**DATA EXCERPT**:
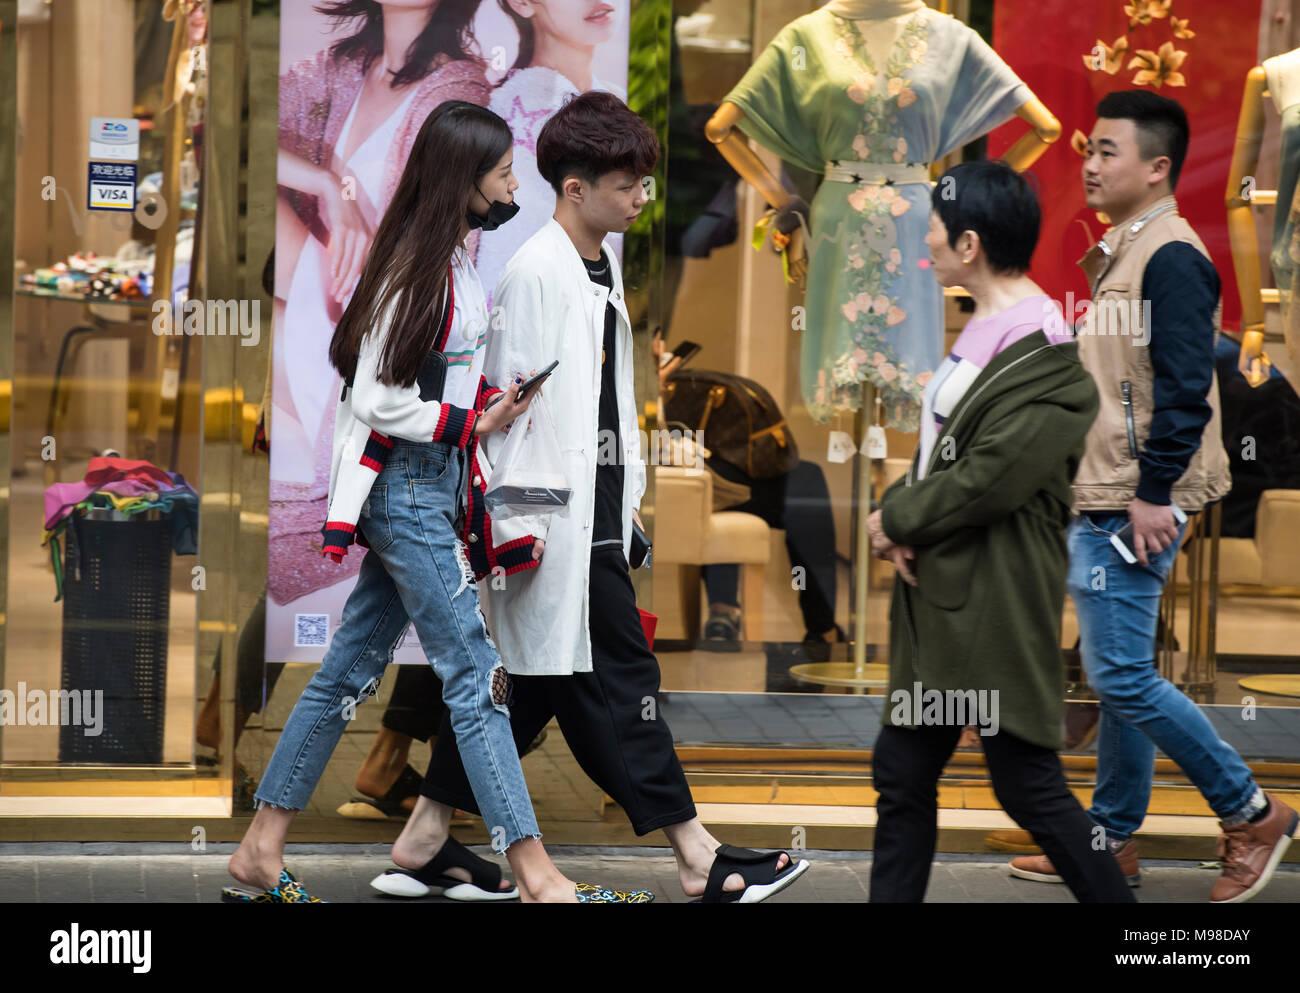 People walking along a main shopping street in Shanghai, China - Stock Image
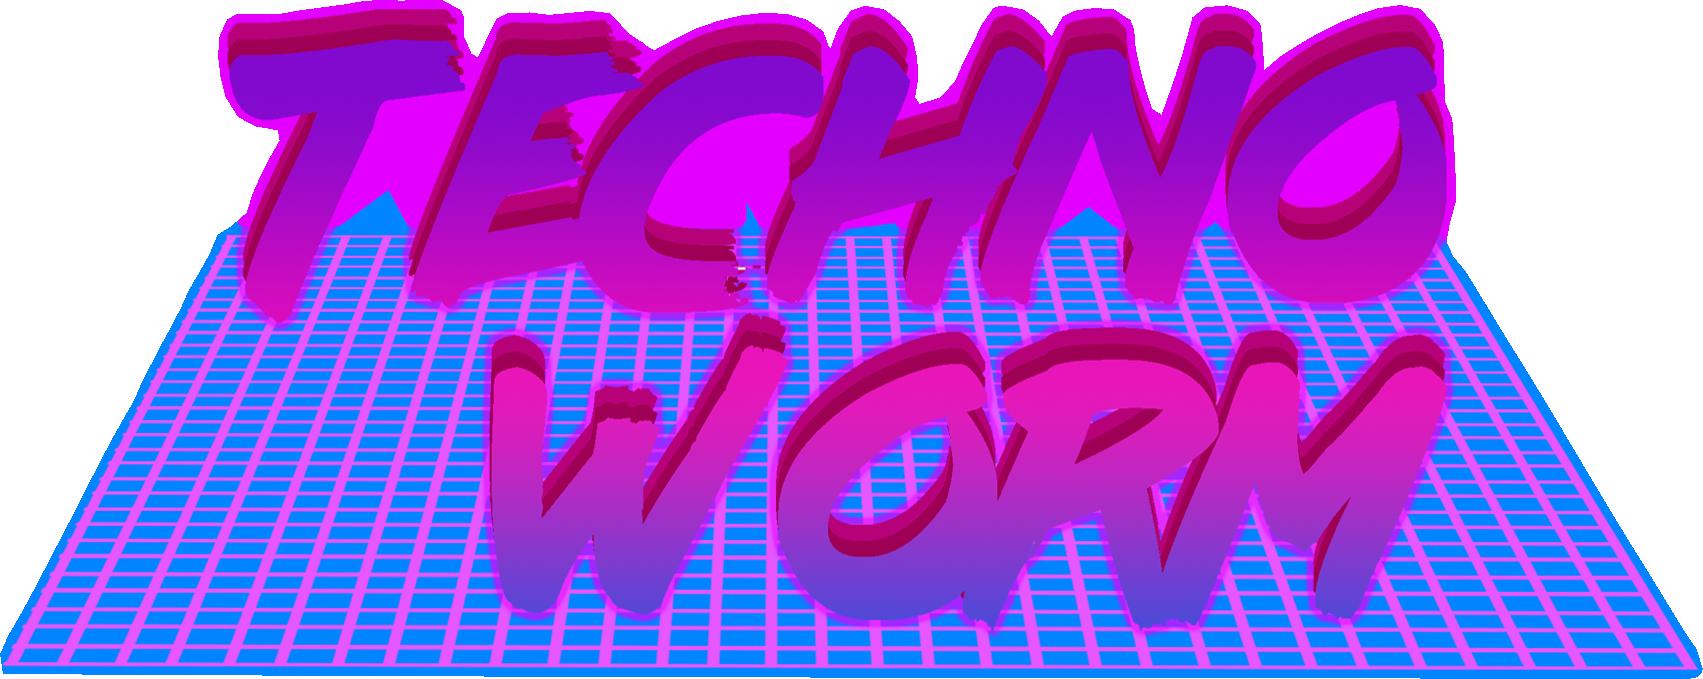 Techno Worm
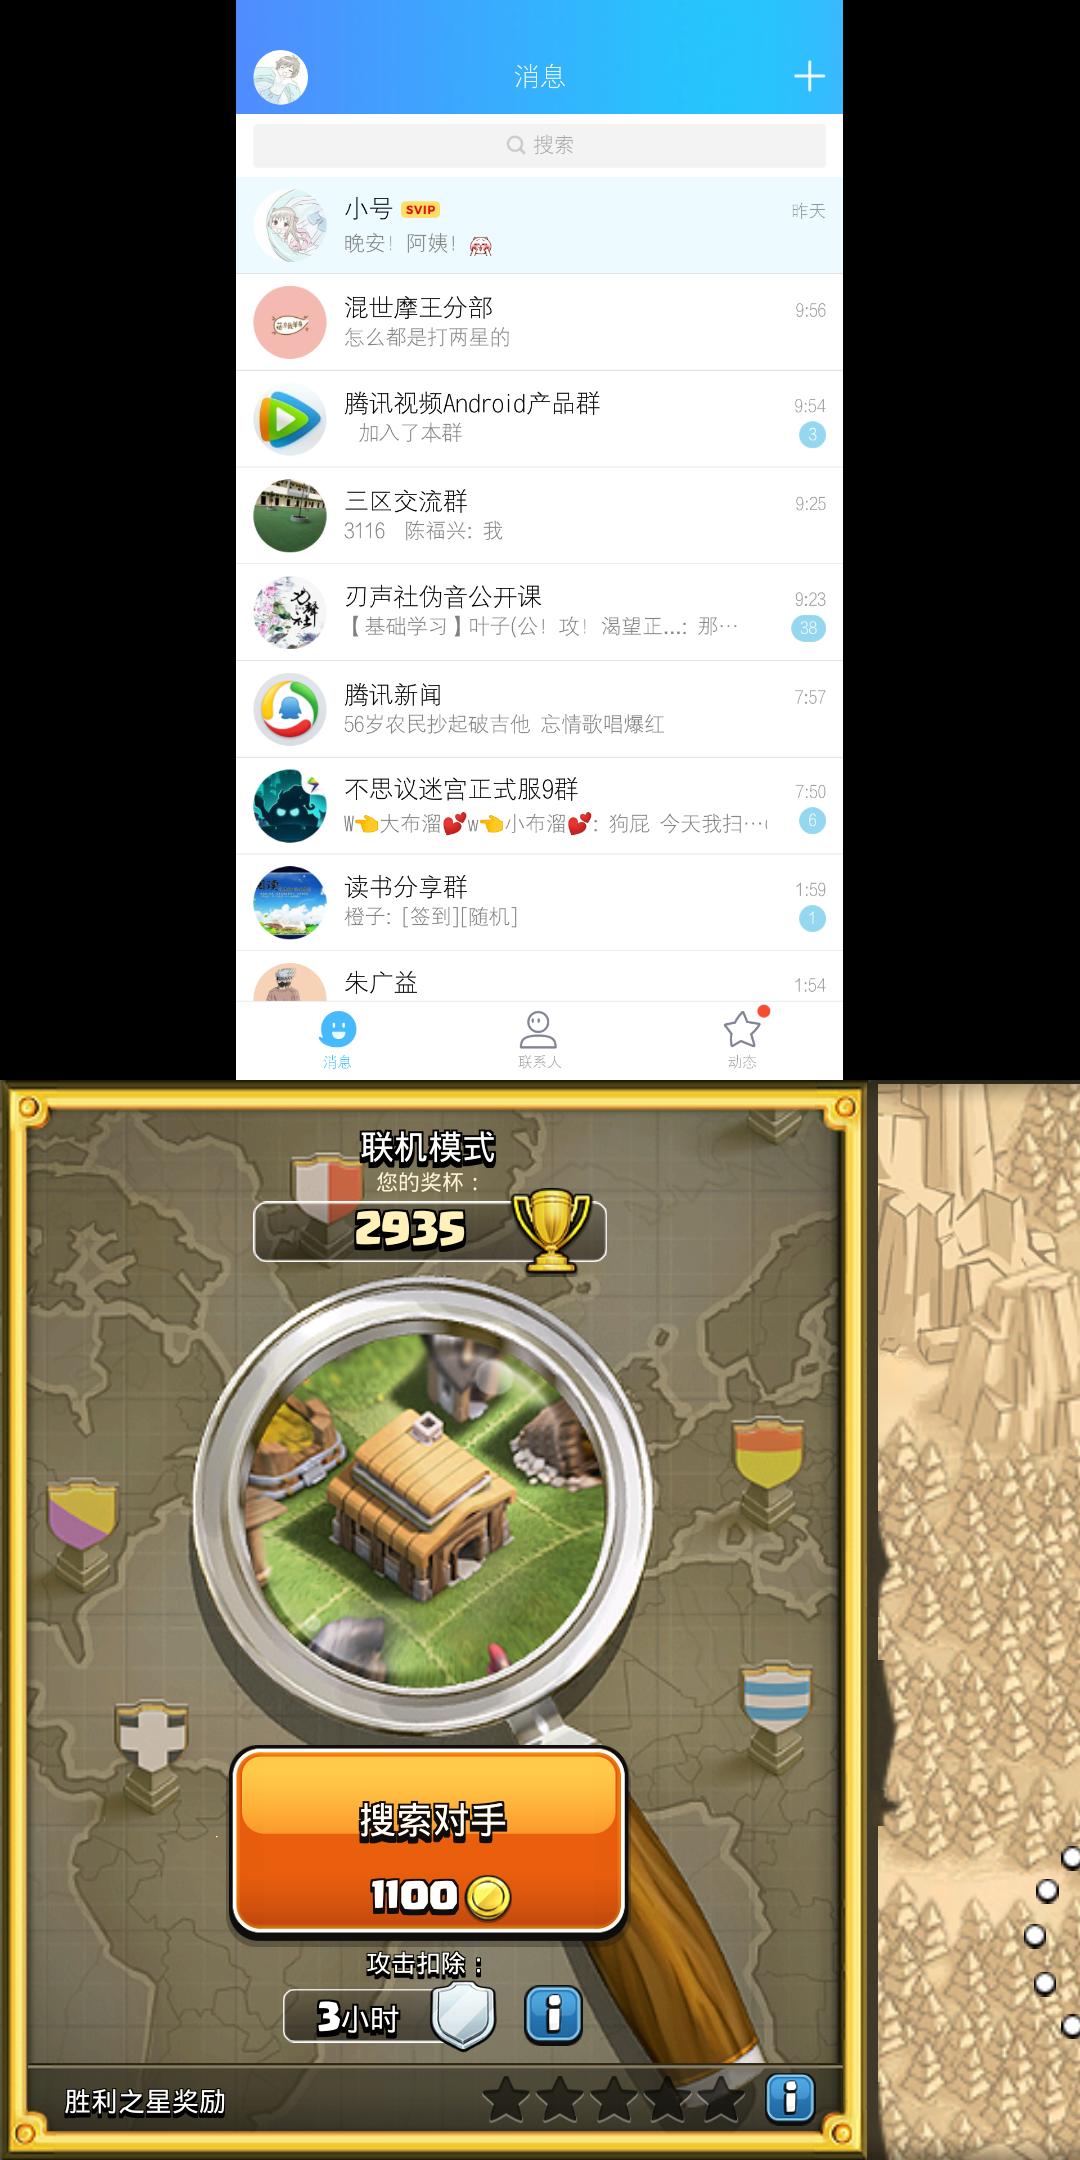 Screenshot_2018-12-02-09-58-50.png
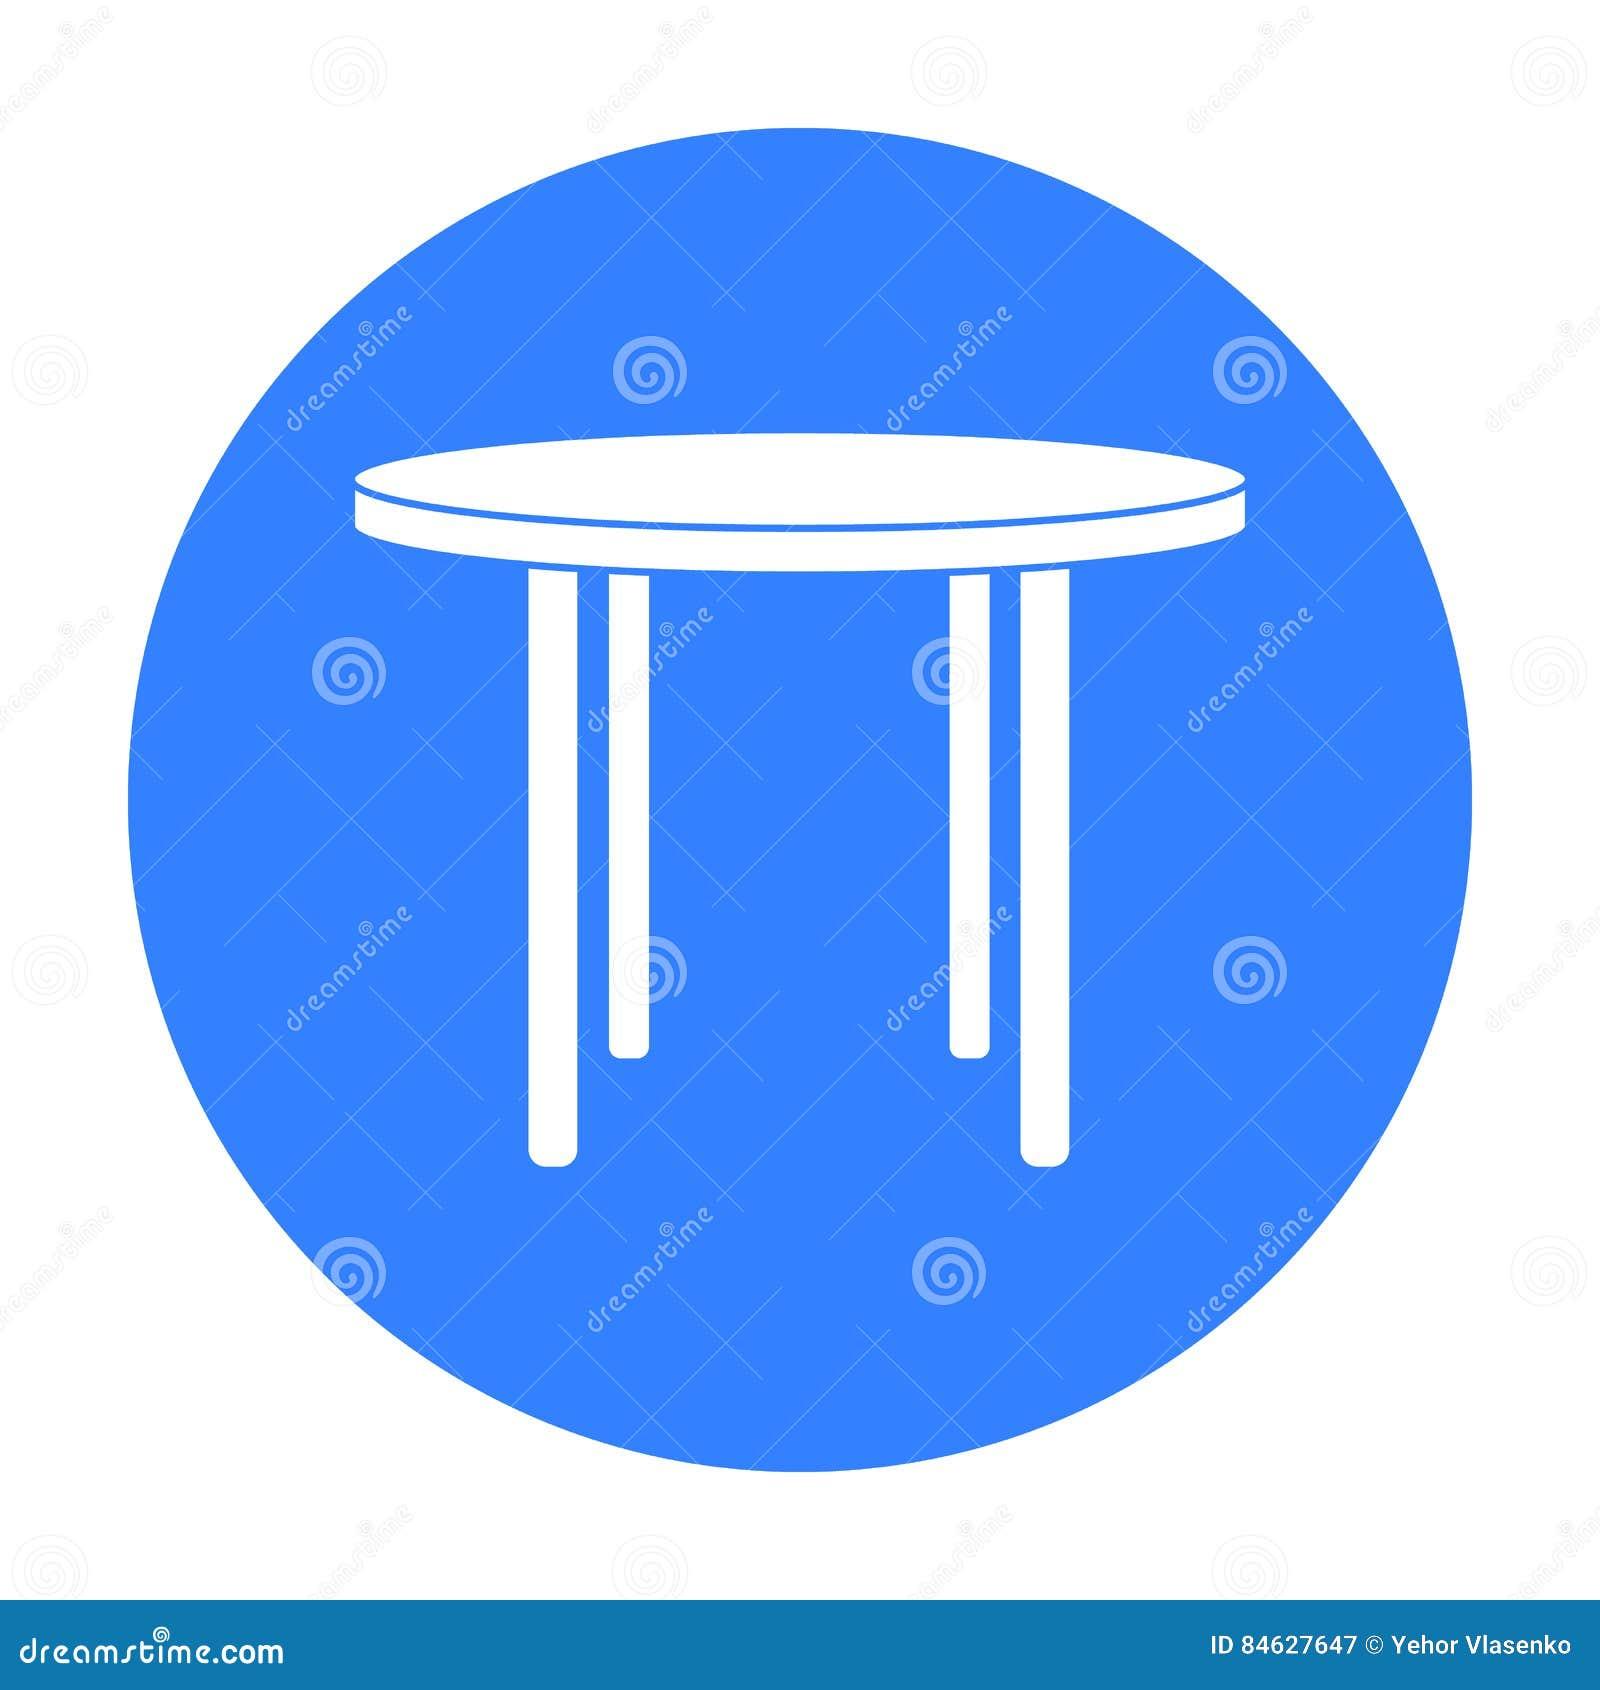 Wooden Round Table Isolated Illustration Cartoon Vector

**WHAT YOU NEED TO DO**: Each line of the listing must be restated word for word, and the pictures left out.

**WRITTEN ANSWER**:
 People walking along a main shopping street in Shanghai, China - Stock Image
 Techno Worm
 Screenshot_2018-12-02-09-58-50.png
 Wooden Round Table Isolated Illustration Cartoon Vector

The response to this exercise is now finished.